The acquired communities, two of which are located in Naples, Florida and the other of which is located in Moore Haven, Florida, are comprised of 414 permanent recreational vehicle sites and 356 seasonal recreational vehicle sites and complement the Company’s existing Florida recreational vehicle portfolio, while not directly competing with it.  The communities provide a larger geographic footprint in the state and allow for cross-marketing opportunities utilizing the Company’s call center systems and staffing currently in place in the region.

As previously disclosed in a Form 8-K filed on December 8, 2011, the Company intends to purchase three additional recreational vehicles communities in January 2012 from affiliates of the Sellers, subject to the satisfaction of the closing conditions previously disclosed.

Sun Communities, Inc. is a REIT that currently owns and operates a portfolio of 159 communities comprising approximately 54,800 developed sites.

For more information about Sun Communities, Inc.
visit our website at www.suncommunities.com
 
Forward Looking Statements

This press release contains various “forward-looking statements” within the meaning of the Securities Act of 1933, as amended, and the Securities Exchange Act of 1934, as amended, and the Company intends that such forward-looking statements will be subject to the safe harbors created thereby.
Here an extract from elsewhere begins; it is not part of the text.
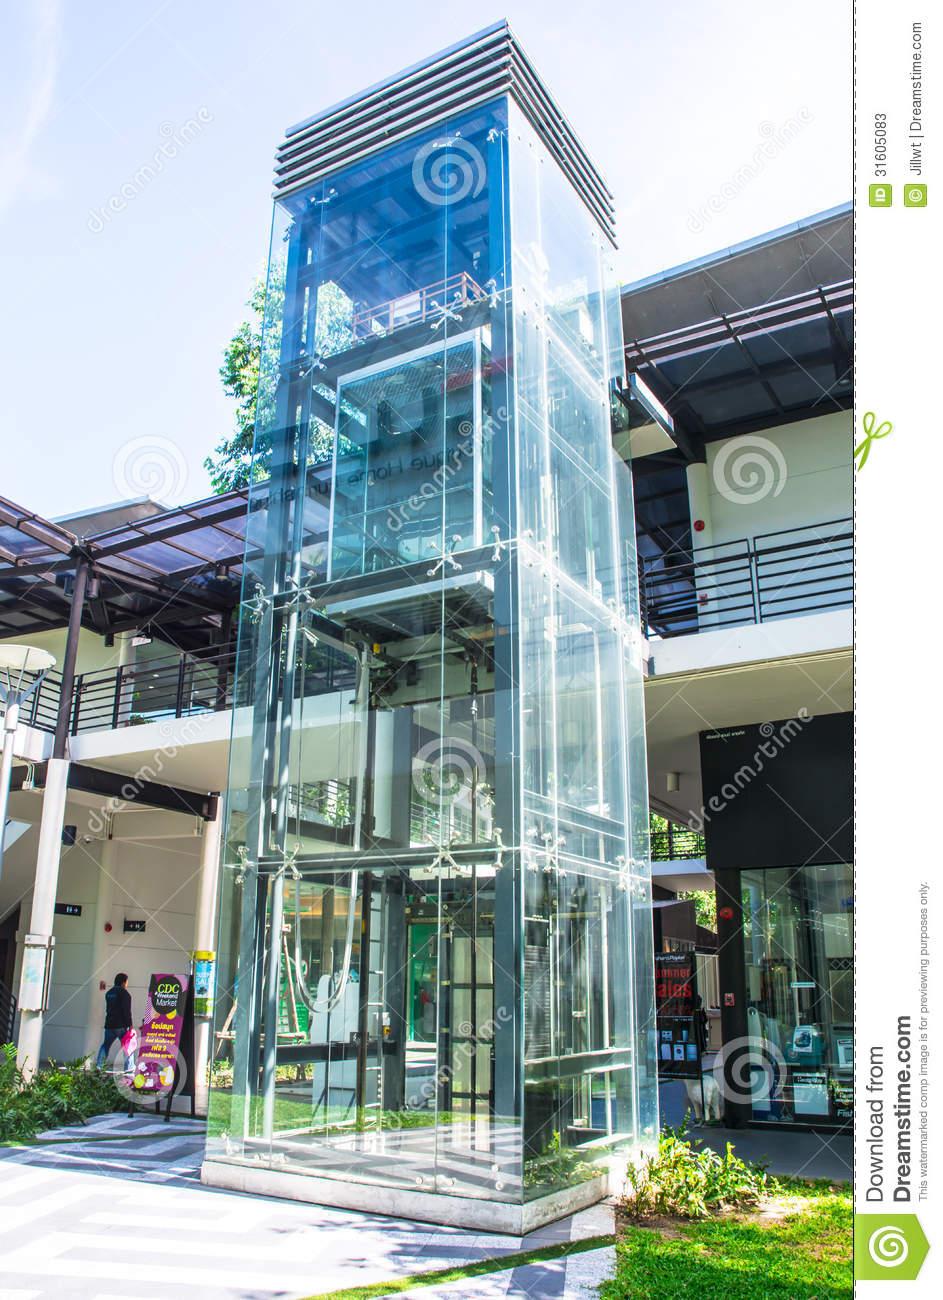 design-modern-elevator-glass-bangkok-thailand-april-construction-31605083.jpg

Forward-looking statements can be identified by words such as “will,” “may,” “could,” “expect,” “anticipate,” “believes,” “intends,” “should,” “plans,” “estimates,” “approximate”, “guidance” and similar expressions in this press release that predict or indicate future events and trends and that do not report historical matters.
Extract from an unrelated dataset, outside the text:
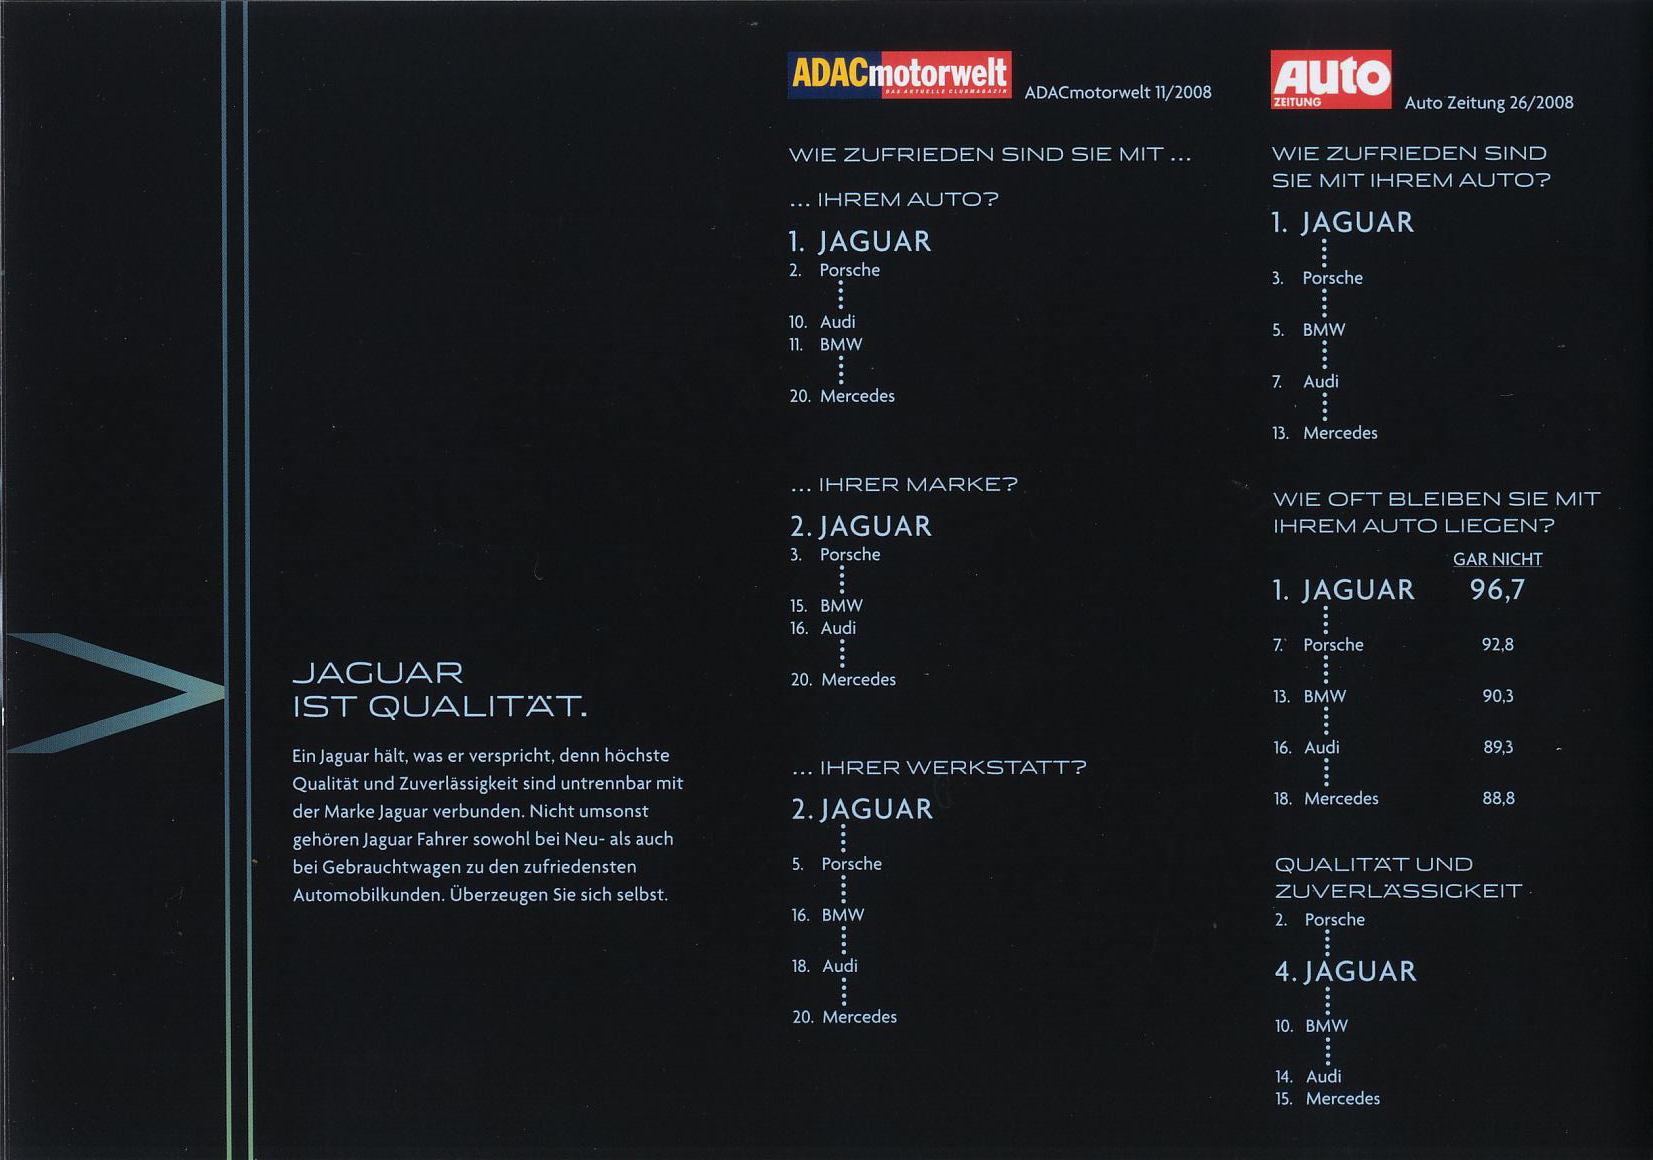 2009 Jaguar Brochure

These forward-looking statements reflect the Company’s current views with respect to future events and financial performance, but involve known and unknown risks, uncertainties, and other factors, some of which are beyond our control. These risks, uncertainties, and other factors may cause the actual results of the Company to be materially different from any future results expressed or implied by such forward-looking statements. Such risks and uncertainties include national, regional and local economic climates, the ability to maintain rental rates and occupancy levels, competitive market forces, changes in market rates of interest, the ability of manufactured home buyers to obtain financing, the level of repossessions by manufactured home lenders and those risks and uncertainties referenced under the headings entitled “Risk Factors” contained in our Form 10-K for the year ended December 31, 2010, and the Company’s other periodic filings with the Securities and Exchange Commission.
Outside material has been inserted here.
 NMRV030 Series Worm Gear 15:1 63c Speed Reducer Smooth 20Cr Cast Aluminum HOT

The forward-looking statements contained in this press release speak only as of the date hereof and the Company expressly disclaims any obligation to provide public updates, revisions or amendments to any forward- looking statements made herein to reflect changes in the Company’s assumptions, expectations of future events, or trends.